I can’t wait to see what the Outlander team does with this scene. If Nell Hudson’s tweet yesterday is any indication, they may be filming it soon. I think that Caitriona Balfe and Sam Heughan will do an amazing job. Think back to the scene by the river from The Reckoning where Jamie and Claire confront each other after breaking out of Fort William. That was when they’d only been married for a few days. Just imagine that kind of passion times twenty.

The only potential pitfall I see, is if the writers short change this emotional explosion the way they did the soul-ransoming confrontation at the end of season one. The show is incredibly well made, and it’s clear that everyone involved is doing a bang up job 95% of the time. On the rare occasion that the show has faltered, it has been in pacing and the time allotted for certain key points of the story. Usually, those have been the times when they have focused more on the action of the story than the emotional aspects of it. For example, expanding the witch trial and The Search, but trimming the aforementioned soul-ransoming.
I know there have to be differences between book and show. Some things are just easier to tell on film than in print and vice versa. But this is a scene that I really hope they don't skip or shorten. I would love to see this get the sort of extended treatment that they gave to Jamie's flogging story in The Garrison Commander, which was one of the best television episodes EVER.
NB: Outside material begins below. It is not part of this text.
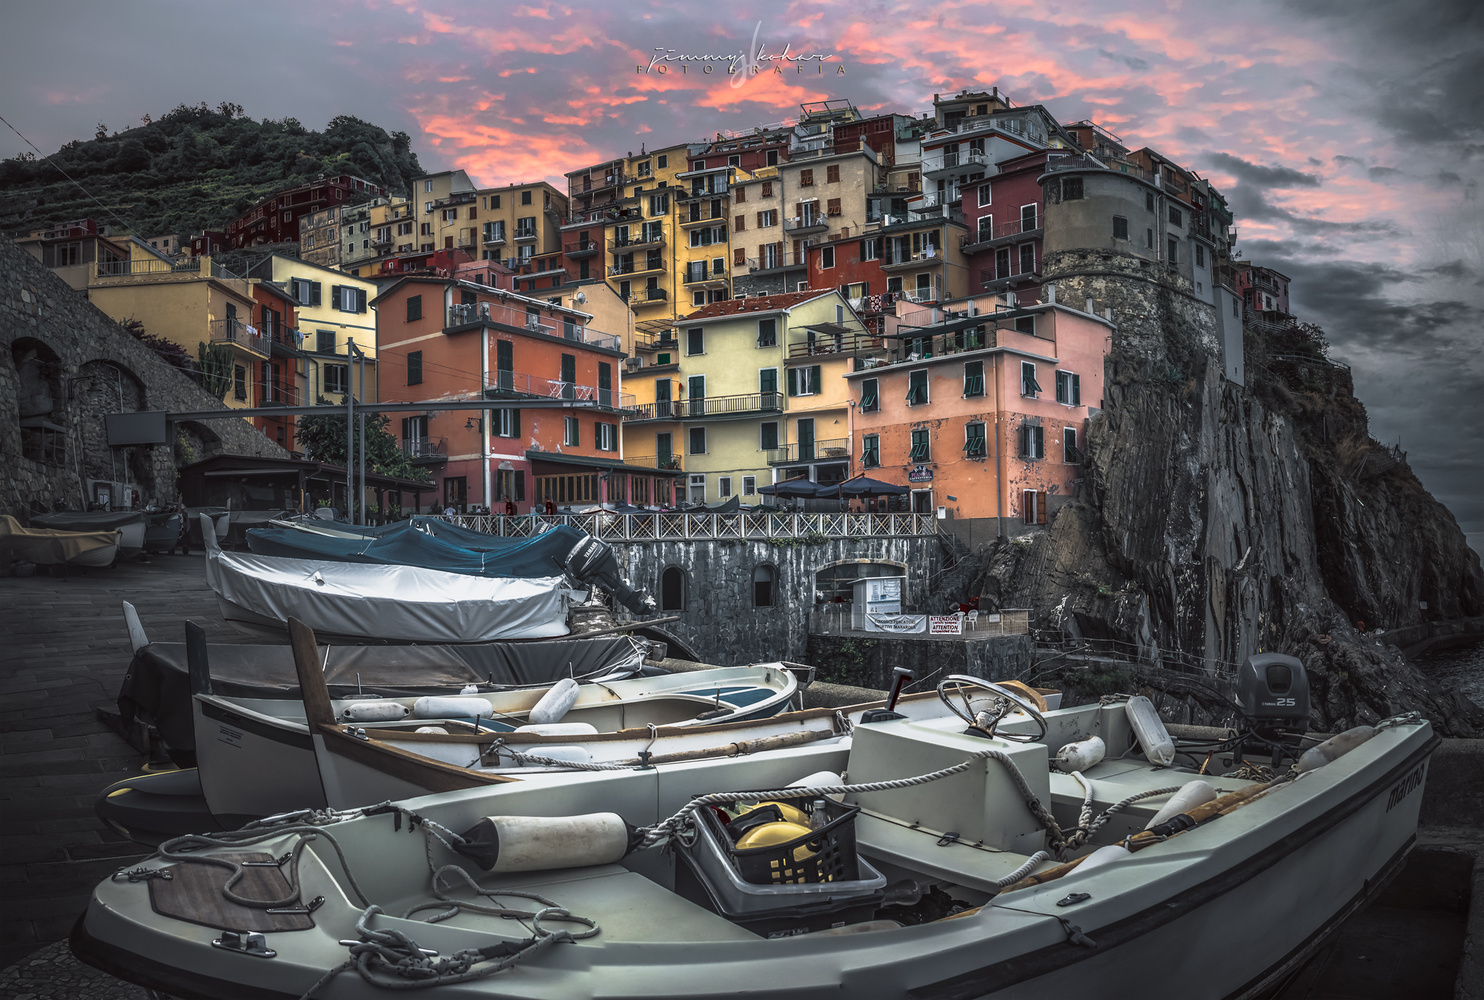 The Fishing Village by Jimmy Kohar
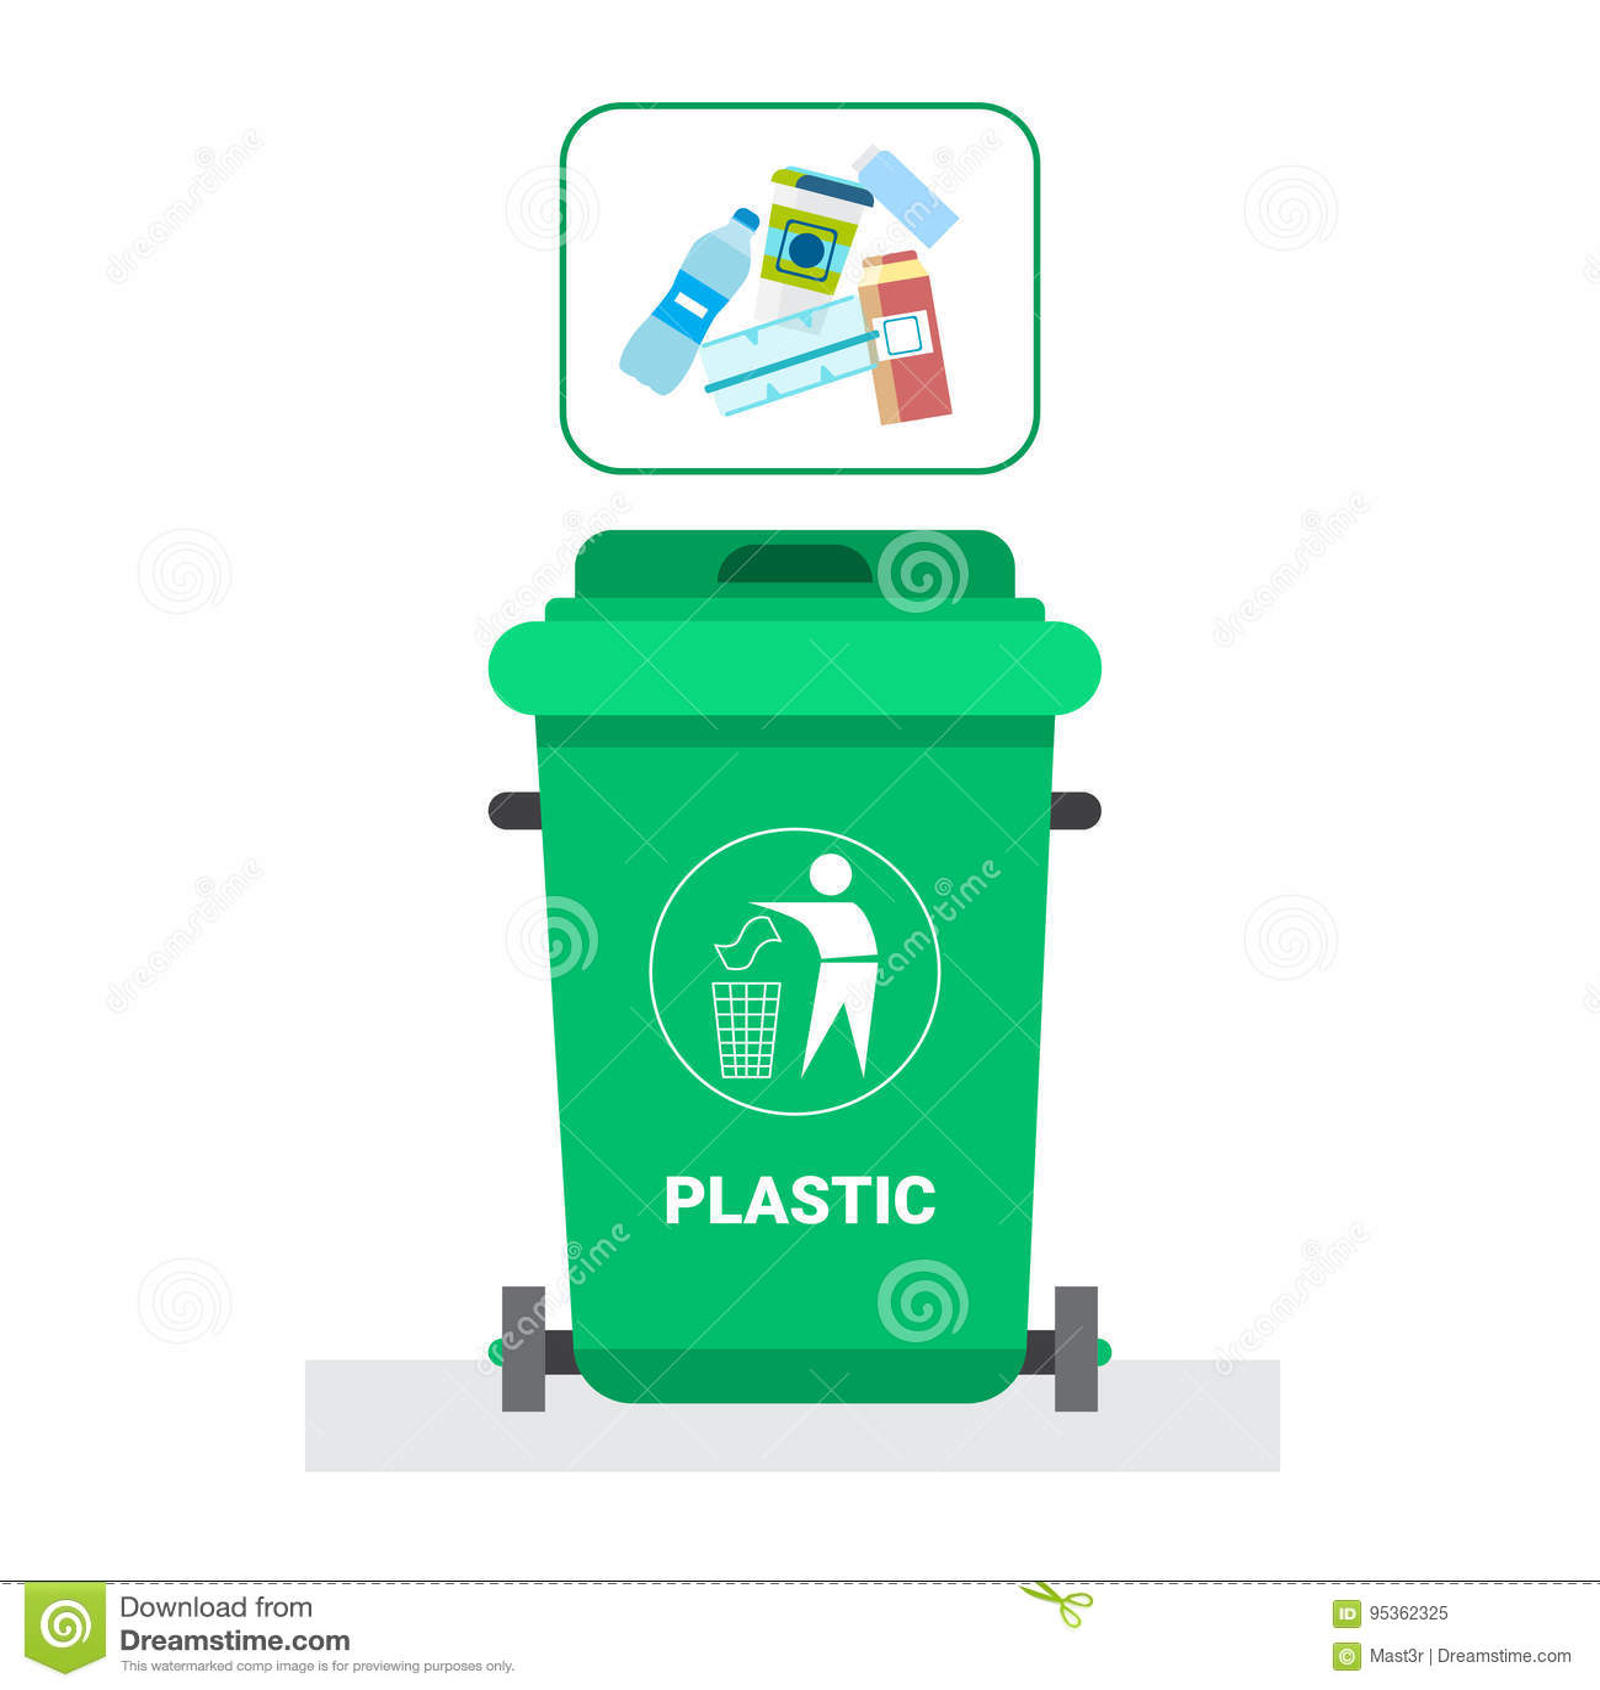 plastic cartoons  illustrations  u0026 vector stock images

I'm sure the writers are feeling the pressure this season. Poll any group of Outlander fans on which book is their favorite and I can just about guarantee Voyager will be the majority choice. There is a TON of ground to cover in Voyager and I don't doubt that some things will have to be cut down, but this scene, this fight is the catharsis that Jamie and Claire's marriage NEEDS to move forward.
What about you? Is there a scene in Voyager aside from the print shop that you can't wait to see?